Post by Diana Michelle »

Please don't think I was criticizing her or casting aspersions on her in any way! There is definitely a market for this type of service and she seems not only totally committed to it she offers it in a non judgmental and supportive environment.

I m still fascinated with how she describes "switching" from being a girl to a boy. Being TG and coming to that realization at a relatively young age I can't say I ever "switched" back and forth though there were definitely times I felt more one way than the other based on gender stereotypes but I was always female, granted a bit of an enigma but always female. I'm not sure I would use the word "blame" for my being "unique" but the fact I was born with male gender markers I am sure has a hand in it.

Anthony I am still intrigued by how you feel you go from male to female and back. Have you discussed this with a professional such as a therapist or counselor? If so what have they had to say if you are open to sharing that. Have you ever thought of "logging" these times in a diary or something like that?

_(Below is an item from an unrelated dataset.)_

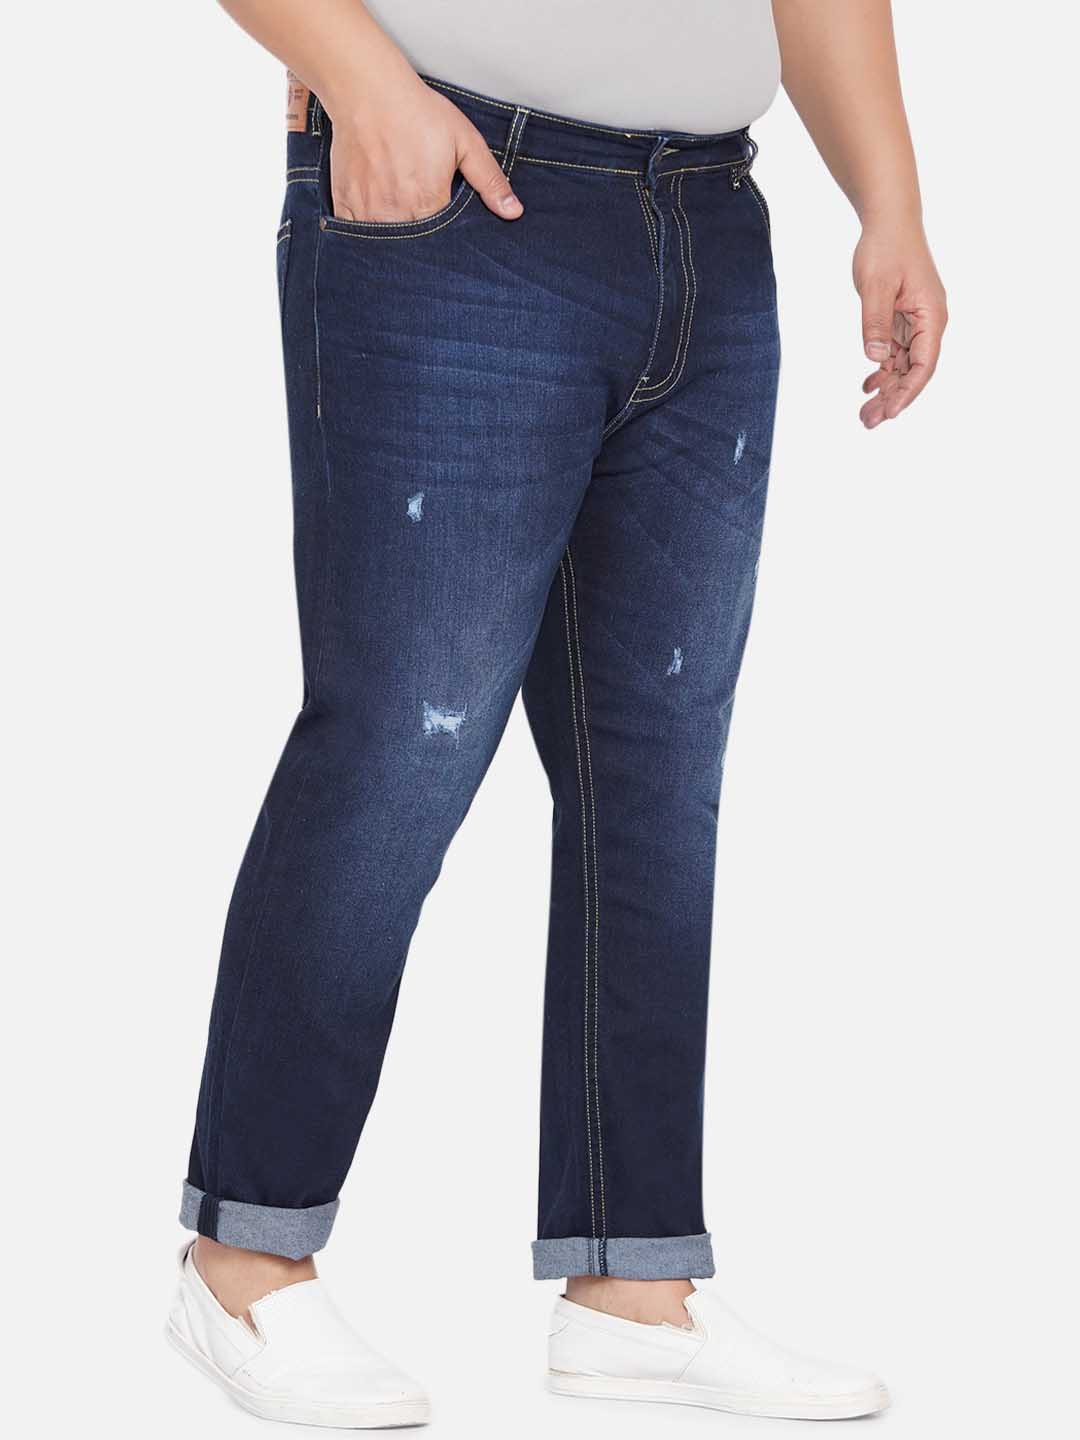 bottomwear/jeans/JPJ12234/jpj12234-3.jpg

Not just when it happened but also what else was going on at the time? Your feelings? What you "experienced?" Maybe there is a link to these times you are not aware of.

Anthony said "I would say I felt way too feminine for a boy as a child - and yet I liked being a boy."

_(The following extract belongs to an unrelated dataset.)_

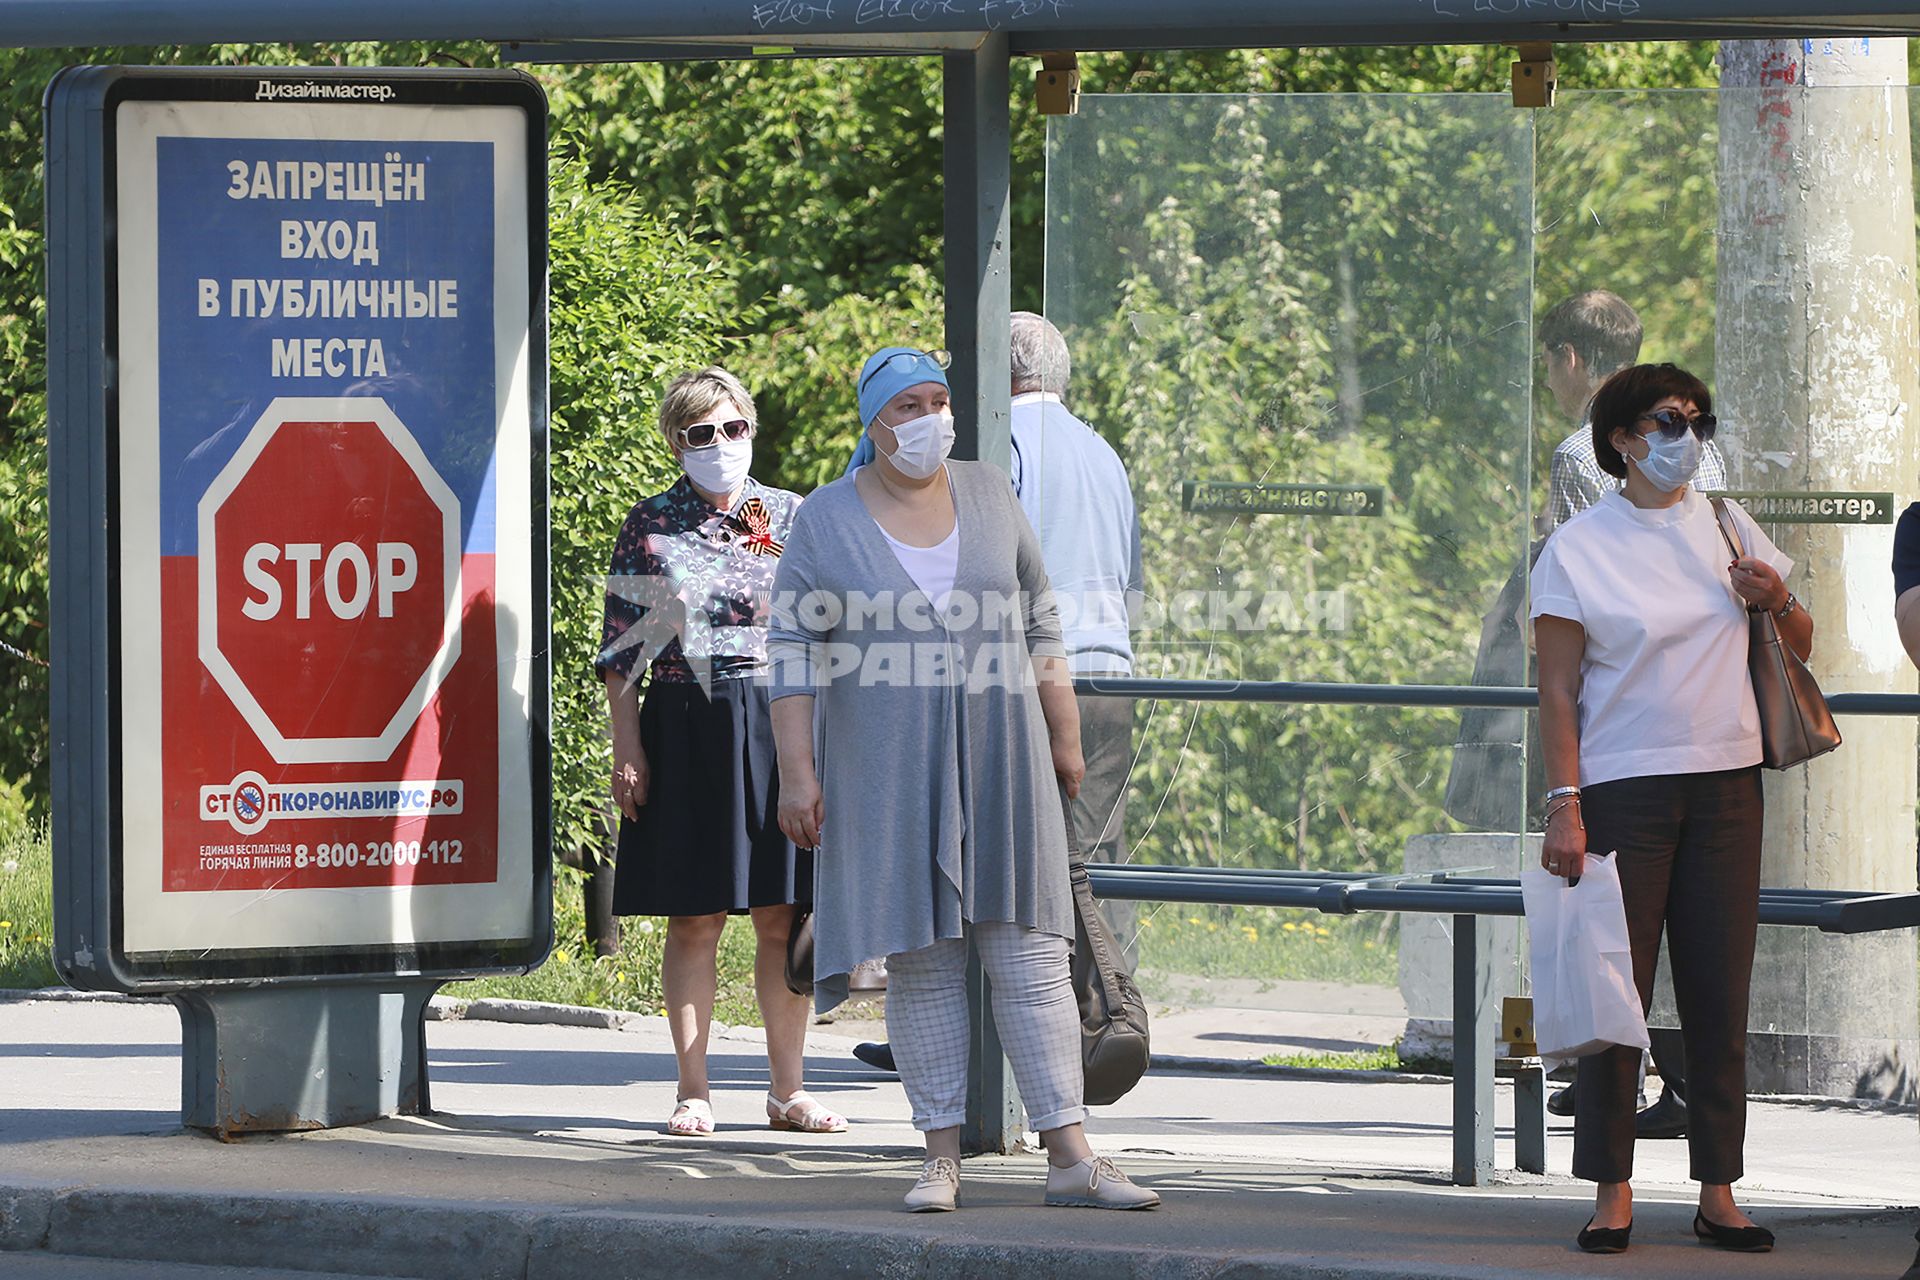 Барнаул. Пассажиры в медицинских масках на остановке общественного транспорта.

I understand what you're saying here based on gender stereotypes but as I have many asked "define feminine please?" As I said earlier I know I am an enigma. I am a car nut, love auto racing, American football, am highly competitive, have a grasp of "French" that could make a sailor blush, yet I enjoy cuddling with someone I love, hate spiders and snakes, love getting all dolled up and wined and dined, enjoy having a man open and hold the car door for me. There are many other things I could cite but I think you get my point here. It is not about whether you feel masculine, feminine, or somewhere in the middle rather you feel comfortable with who you are.

Guess that brings to my last point. "I think maybe my "box" was wrong. Like I didn't fit into the box of male - and I sort of kept (and keep) trying nevertheless - but then I didn't (and don't) fit into the box of female either.

I struggled for years trying to live up to the expectations of others, to fit into the "box." It goes way back to trying to be a boy, a son, then to being a woman, a daughter, a girlfriend, a wife, a stepmother, and others. In a way I attribute one of my dark periods to my trying to be what was expected of me. I take full responsibility for going there but in a way it was trying to live up to what was expected that took me there.

After my first husband passed away I went into grief therapy. As time went on, particularly as it neared the first anniversary of his passing a few hinted or even outright suggested it was time for me to move on and start dating. I was far from ready for it emotionally yet I thought about it. Not because I was ready for it rather it seemed to be what was expected of me. After all it's been a year I should be over Frank and ready to move on, right? I brought it up with my therapist as I heard what everyone was saying but I just wasn't anywhere near being ready for that. He told me it was not what everyone else thought but what I thought that mattered. He told me there is no right or wrong here for each of us is different as our circumstances.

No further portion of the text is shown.